• DATA SEGMENT:
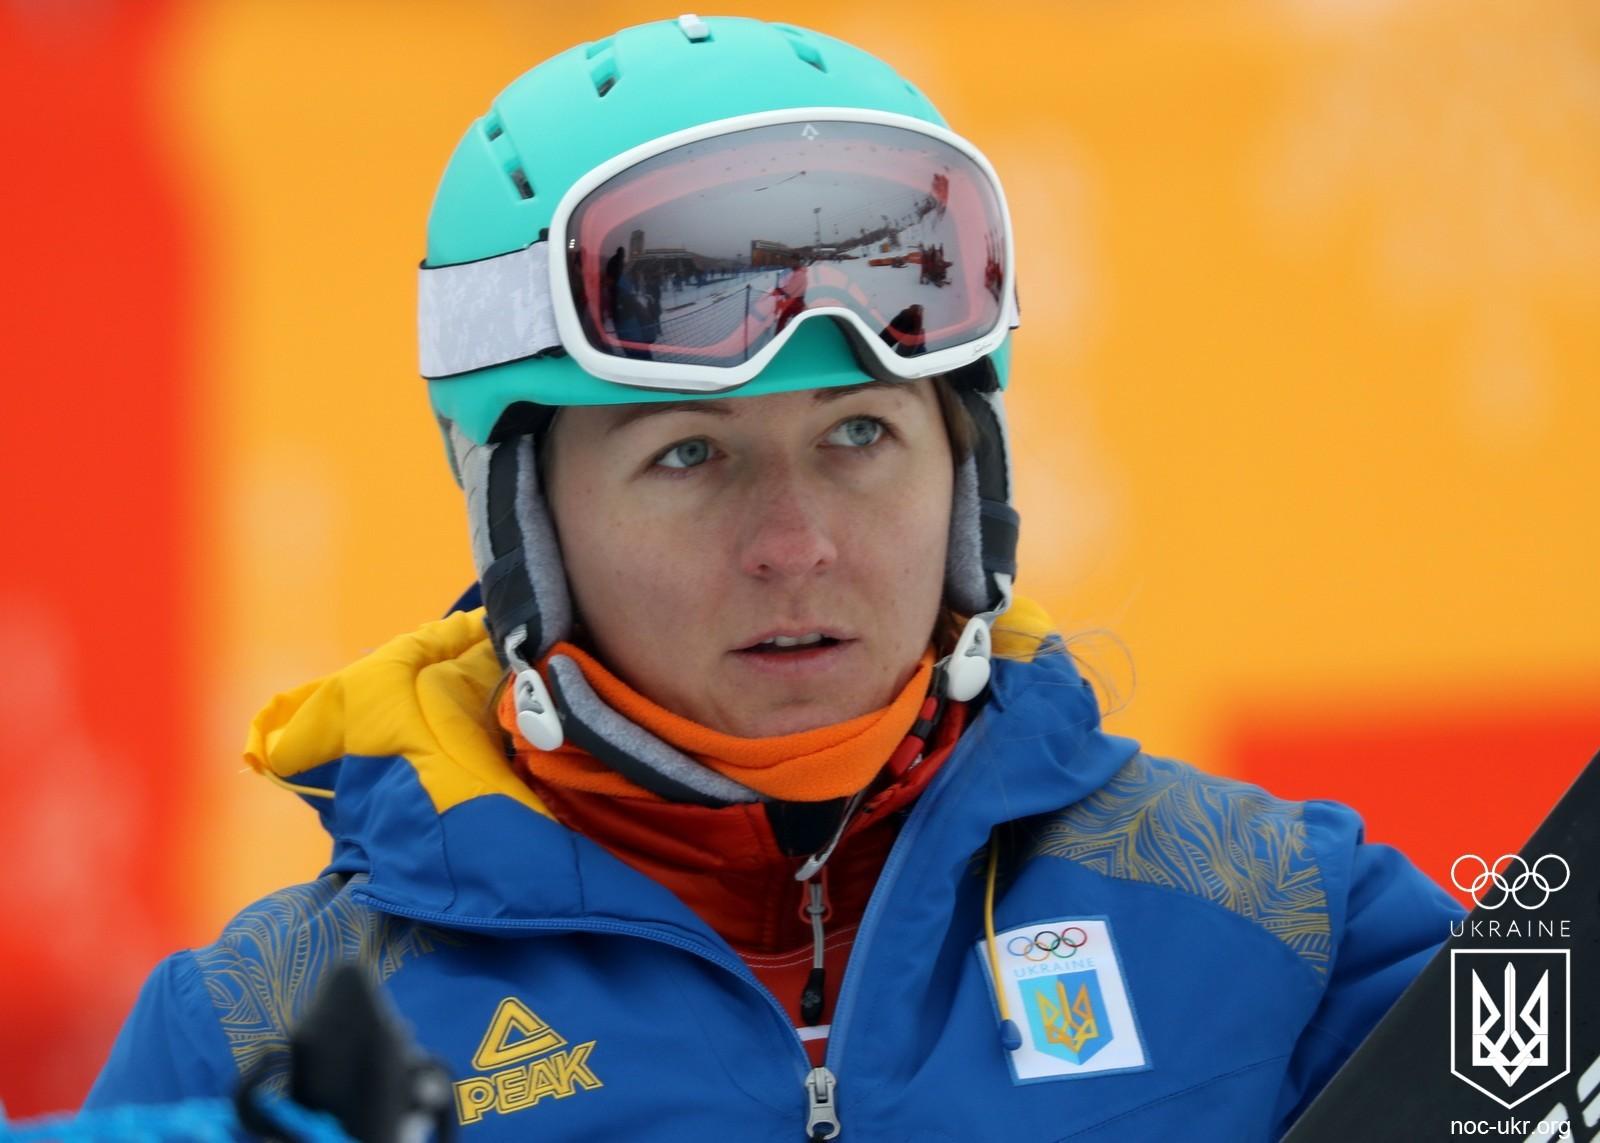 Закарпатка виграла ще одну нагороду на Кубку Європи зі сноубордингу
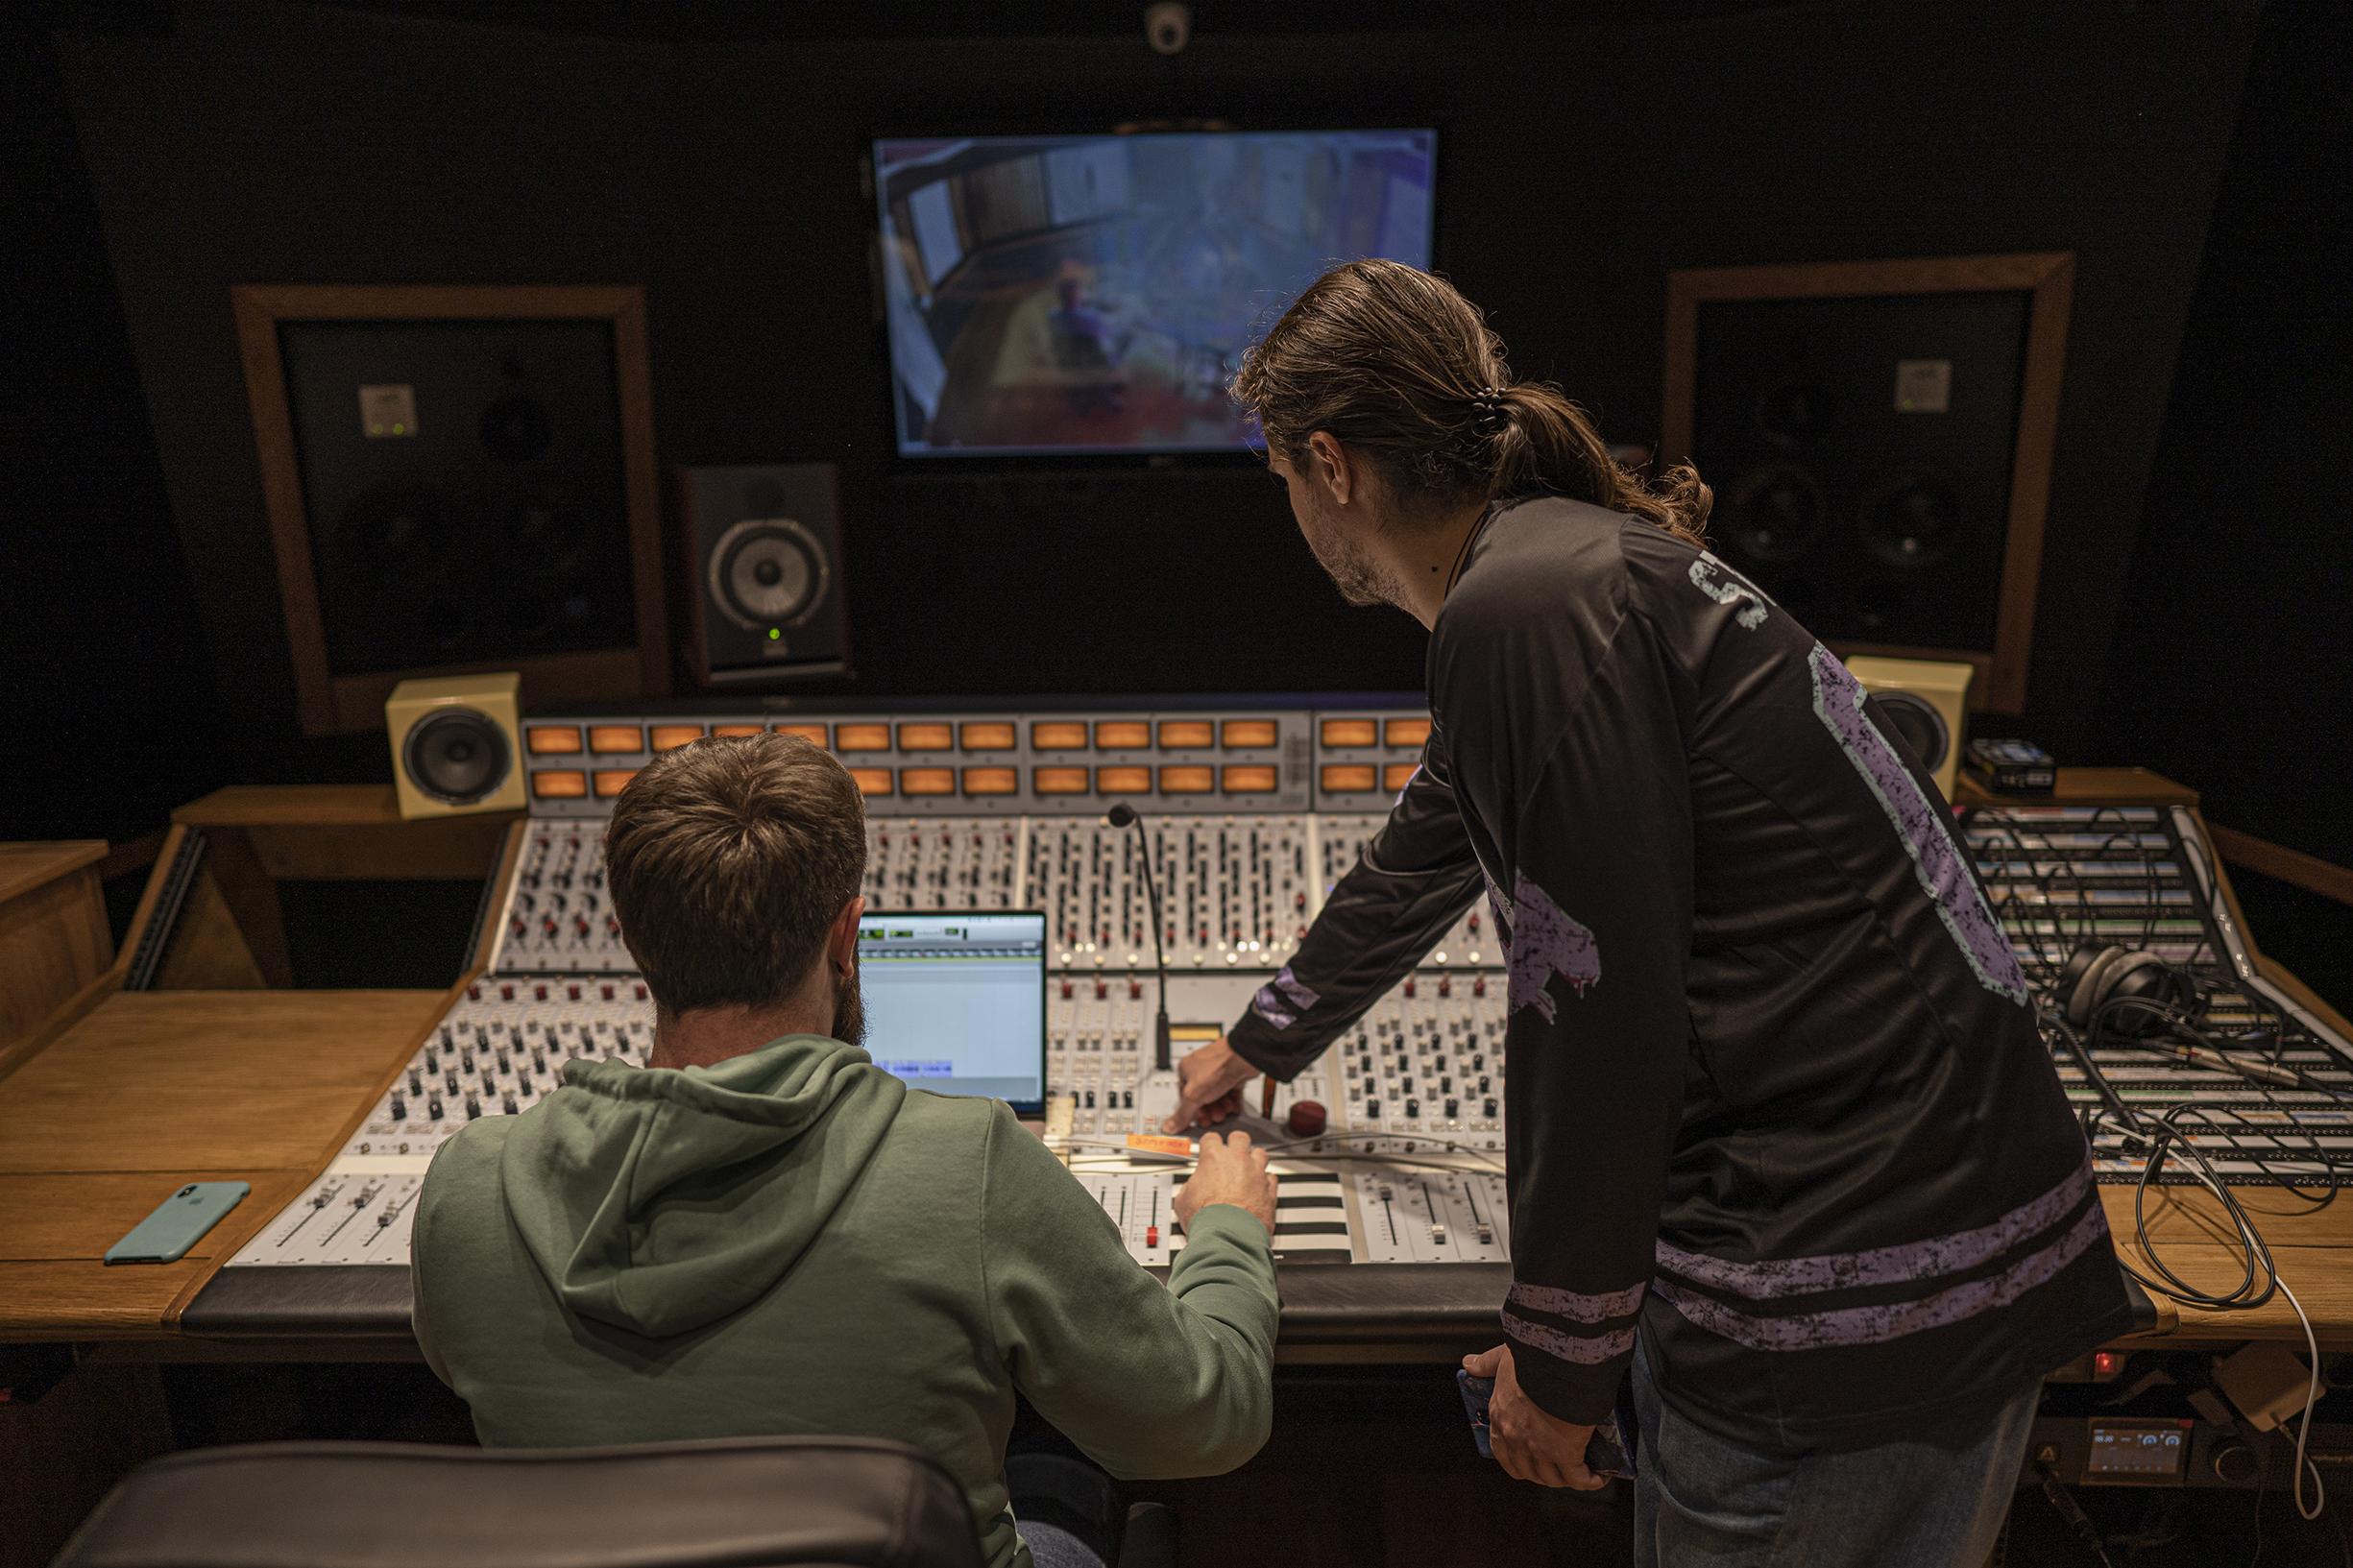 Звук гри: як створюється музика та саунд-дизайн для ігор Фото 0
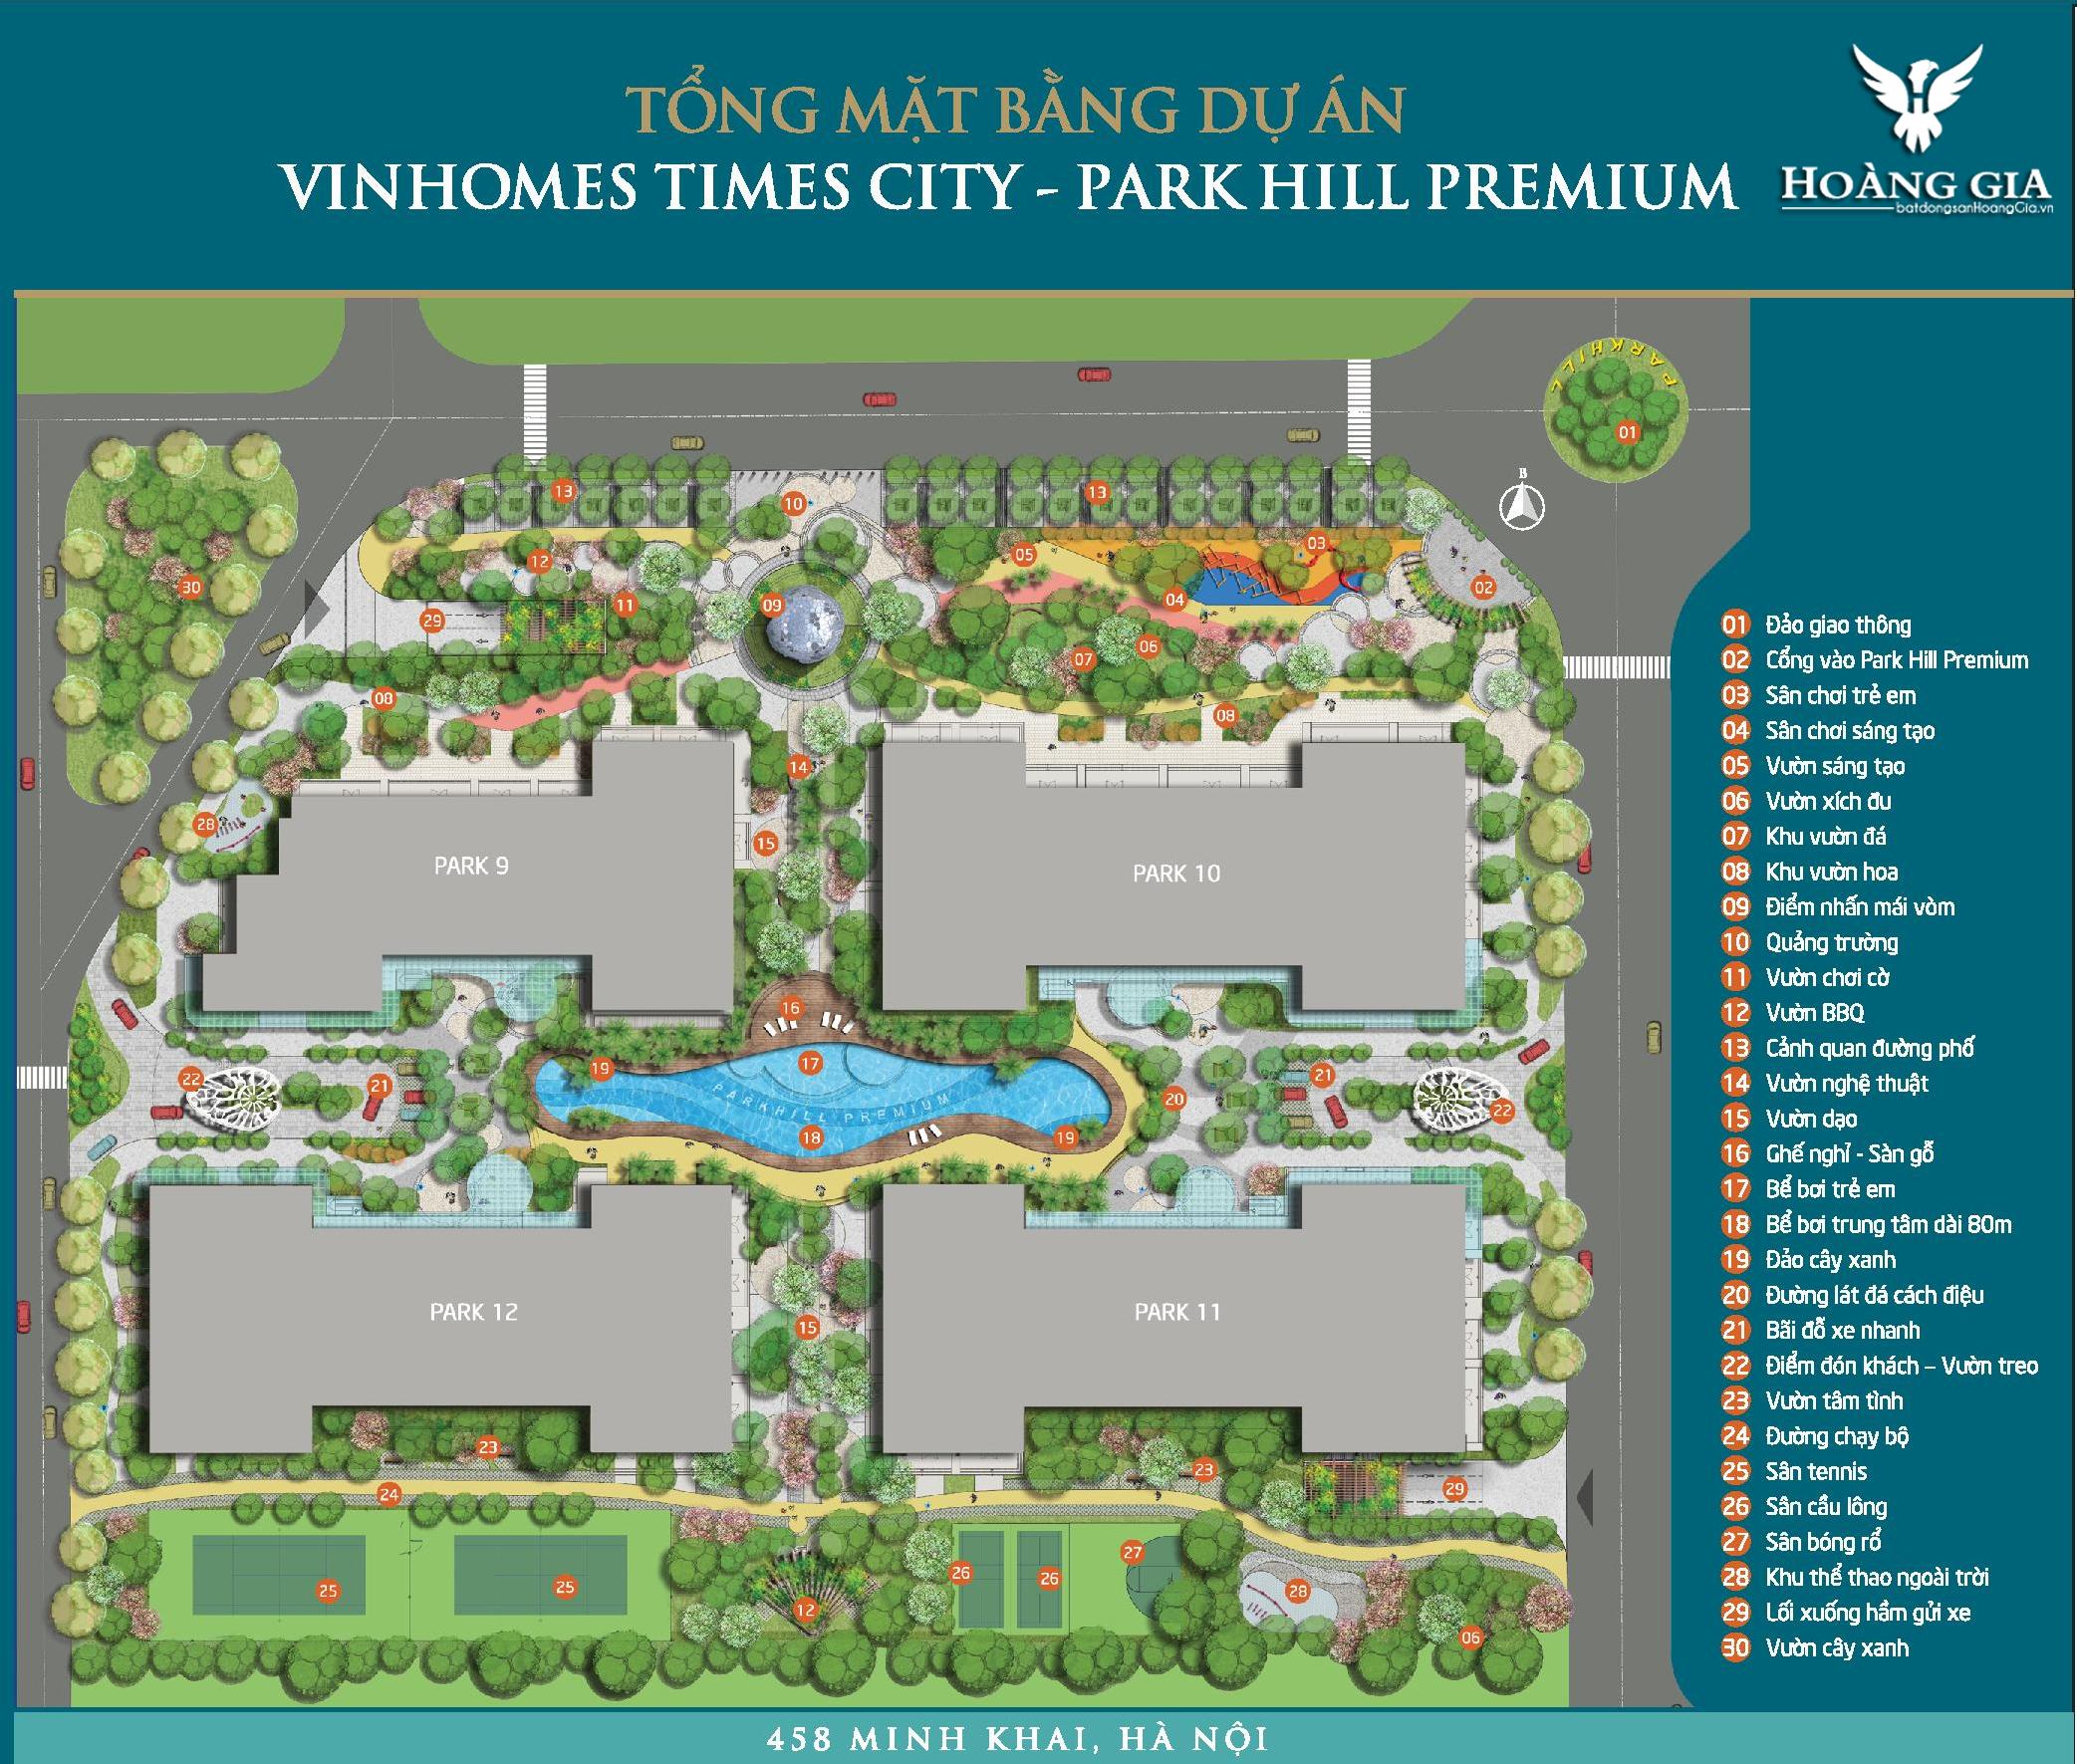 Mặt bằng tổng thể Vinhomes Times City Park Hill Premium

• TRY IT: Without the pictures, write out the whole listing exactly as it appears.

• RESPONSE:
 Закарпатка виграла ще одну нагороду на Кубку Європи зі сноубордингу
 Звук гри: як створюється музика та саунд-дизайн для ігор Фото 0
 Mặt bằng tổng thể Vinhomes Times City Park Hill Premium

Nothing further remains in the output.